The Australian Stock Market is Overexposed to Banks
There are five large listed companies in Australia. Four of them are banks and the fifth is BHP, one of the world’s largest mining companies. The financial sector amounts to around half of Australian stock market capitalisation. The vast majority of the sector is comprised of banks and “diversified” banks. The remainder is insurance and real estate.
Before going further we need to understand just how small Australia is. In terms of population, Australia is the same size as Shanghai and slightly larger than Beijing; about the same as NY State; and three times larger than London.
In terms of GDP Australia comes in at number twelve (IMF 2013). Australia’s GDP was USD1.5T, compared with the US at 16.7T and China at 9.5T.
Moving on.
The market map below shows the relative market capitalisation of various sectors. The dominance of the financial sector is astounding. I doubt it is replicated in any other developed economy.
Courtesy Commsec Securities and IRESS (Click for full size)
Here in Australia, we have four leviathan banks: “the big four”. They are, in order of size; Commonwealth Bank of Australia (ASX: CBA; MCap AUD150B); Westpac Banking Corporation (ASX: WBC; MCap 115B); ANZ Banking Group (ASX: ANZ; MCap 97B); and National Australia Bank (ASX: NAB; MCap 90B).
These four banks dominate the market and yet their primary business is consumer loans and residential mortgages. Australia’s residential real estate market is already one of the top three most overvalued in the world, competing with Canada and Norway on several metrics.
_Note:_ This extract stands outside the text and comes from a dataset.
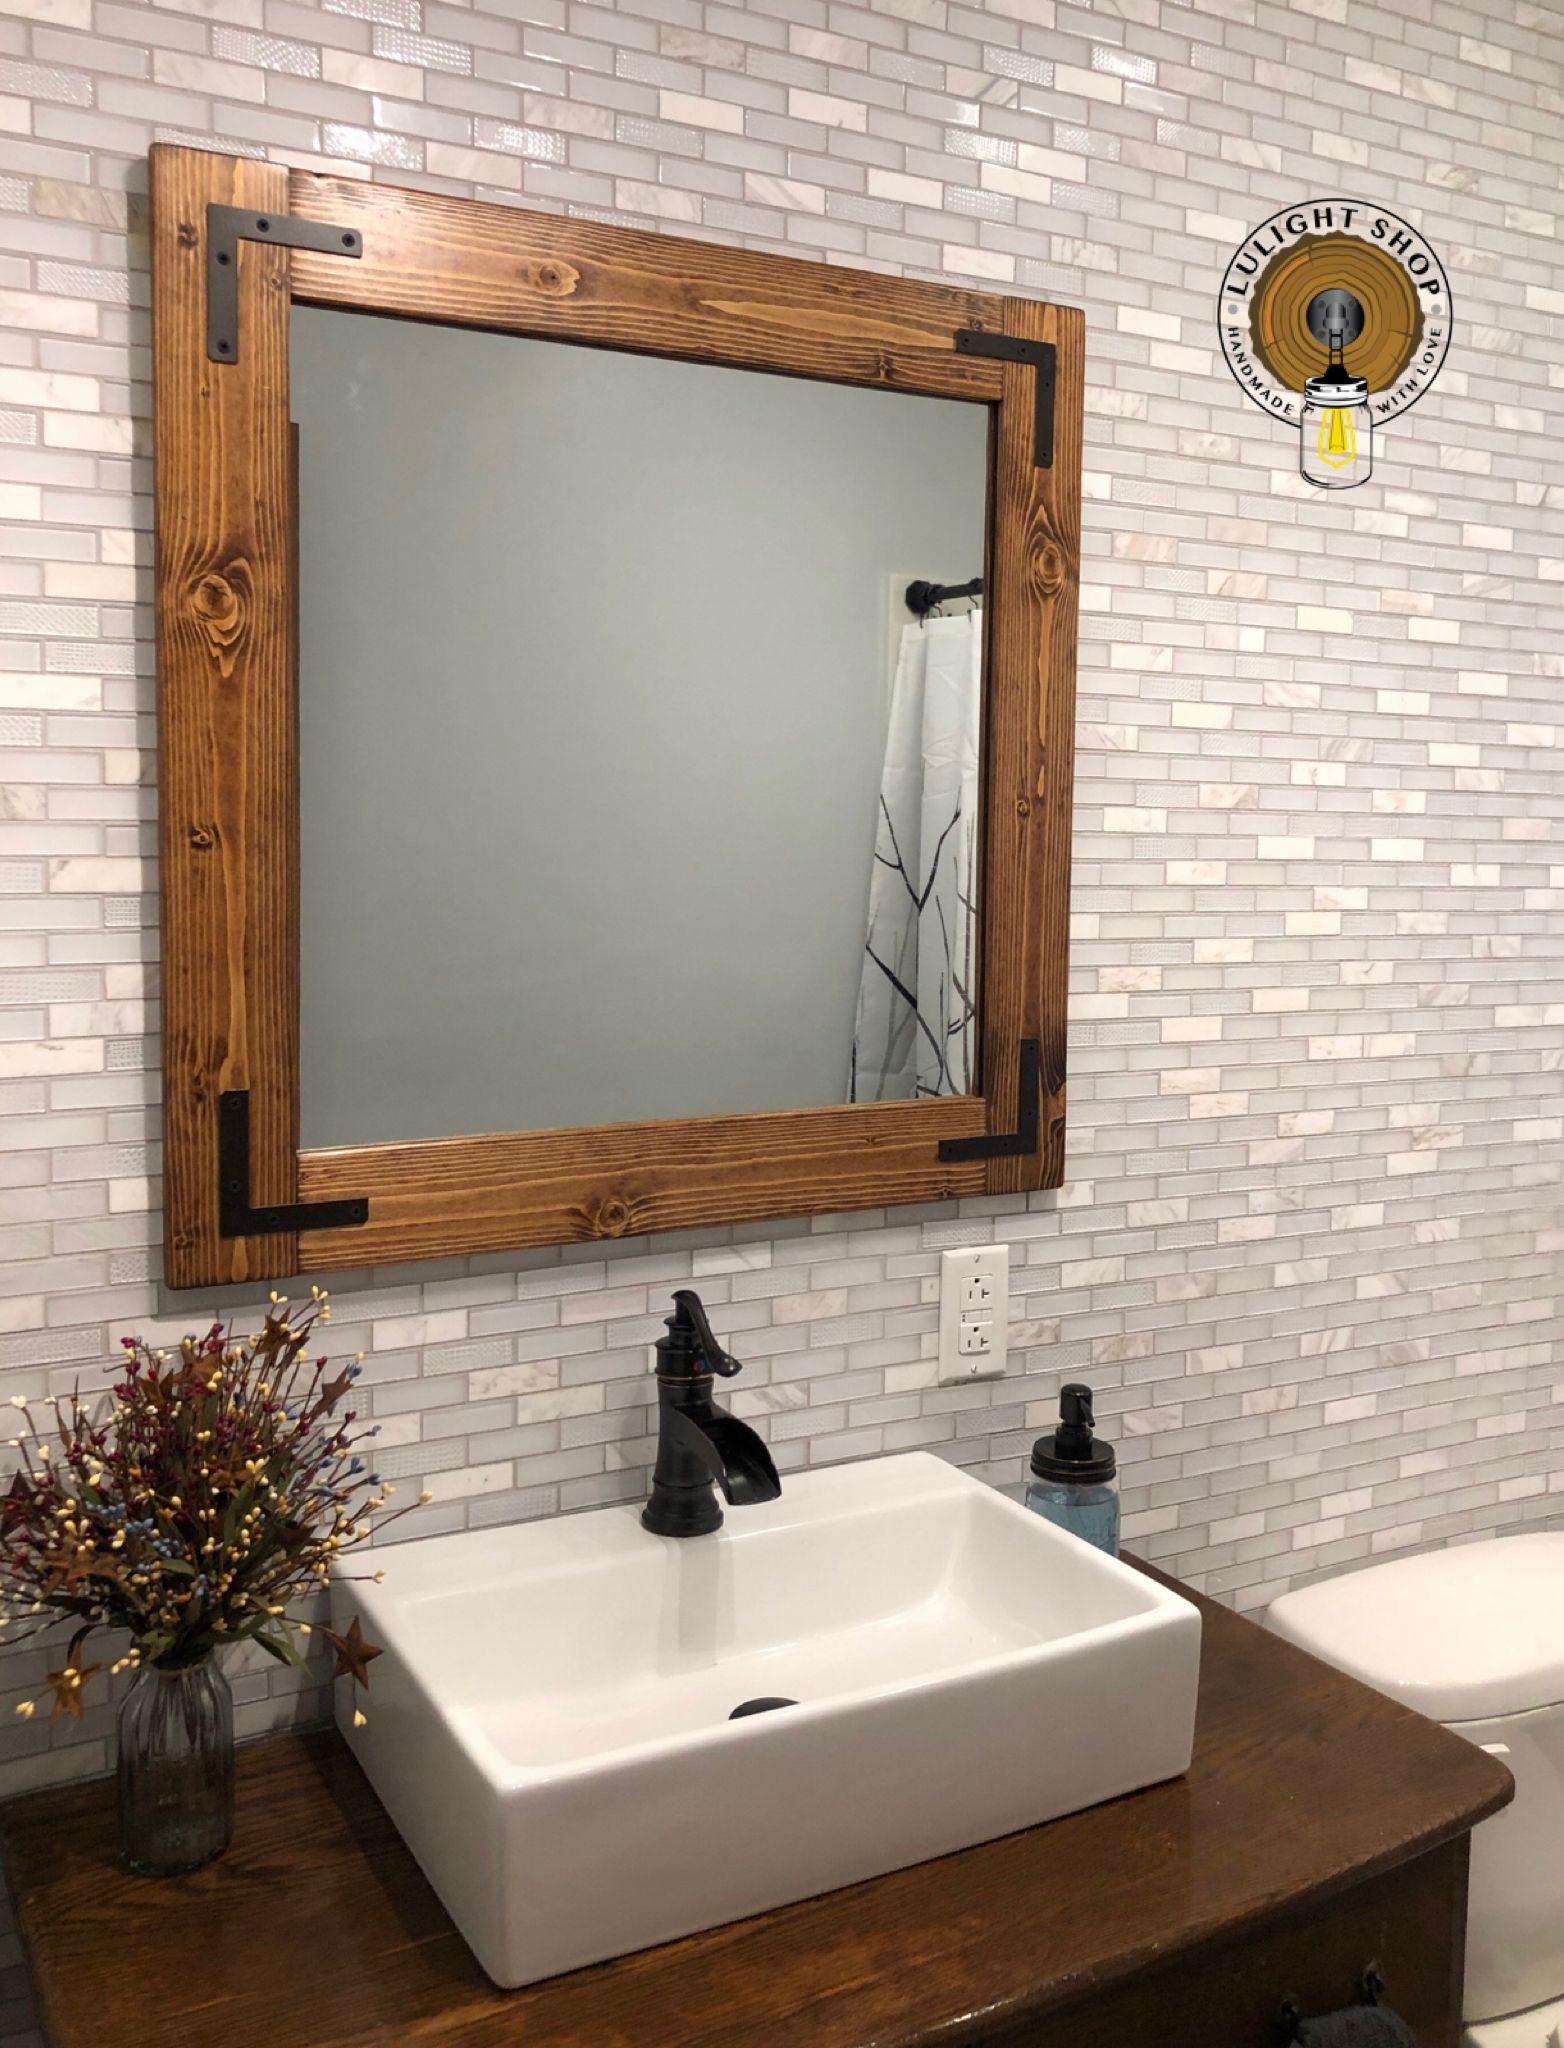 Bathroom Mirror Wood Frame Mirror Wall Mirror Rustic Etsy Wood Framed Mirror Framed Mirror Wall Rustic Mirrors

Look at the CBA share price chart below. It reflects the assumption that Australians will continue to borrow evermore for overpriced real estate. The recent, steep price increase was a result of buy recommendations from various financial organisations, based upon yield rather than future earnings potential.
Courtesy Commsec Securities and IRESS.
Australian export income has collapsed, as has manufacturing. And imports are much more expensive, due to the decline of the Australian dollar. But our Reserve Bank takes comfort in the strength of our residential construction sector. So our economy is going to consist of building houses and apartments for which we will pay ever higher prices?
And Australian business confidence is low. Very low. In fact, the CEO of the Commonwealth Bank warned yesterday that this is a “significant economic threat”.
With all this as a backdrop, the truly productive parts of the economy (Materials, Energy, Health Care, Industrials, IT and Utilities) are proportionately small, and shrinking. Not helped by Australia’s appallingly low productivity.
Conclusion
The Australian stock market is exposed to both internal and external shocks. Downside risk is considerable.
I am reminded of Donald Horne’s 1964 book about Australia; “The Lucky Country”. He used the word “Lucky” satirically.
Here’s a quote:
“Australia is a lucky country run mainly by second rate people who share its luck. It lives on other people’s ideas, and, although its ordinary people are adaptable, most of its leaders (in all fields) so lack curiosity about the events that surround them that they are often taken by surprise.”
The proof: Australia ran deficits through most of the, now departed, resource boom. WTF – and what’s next?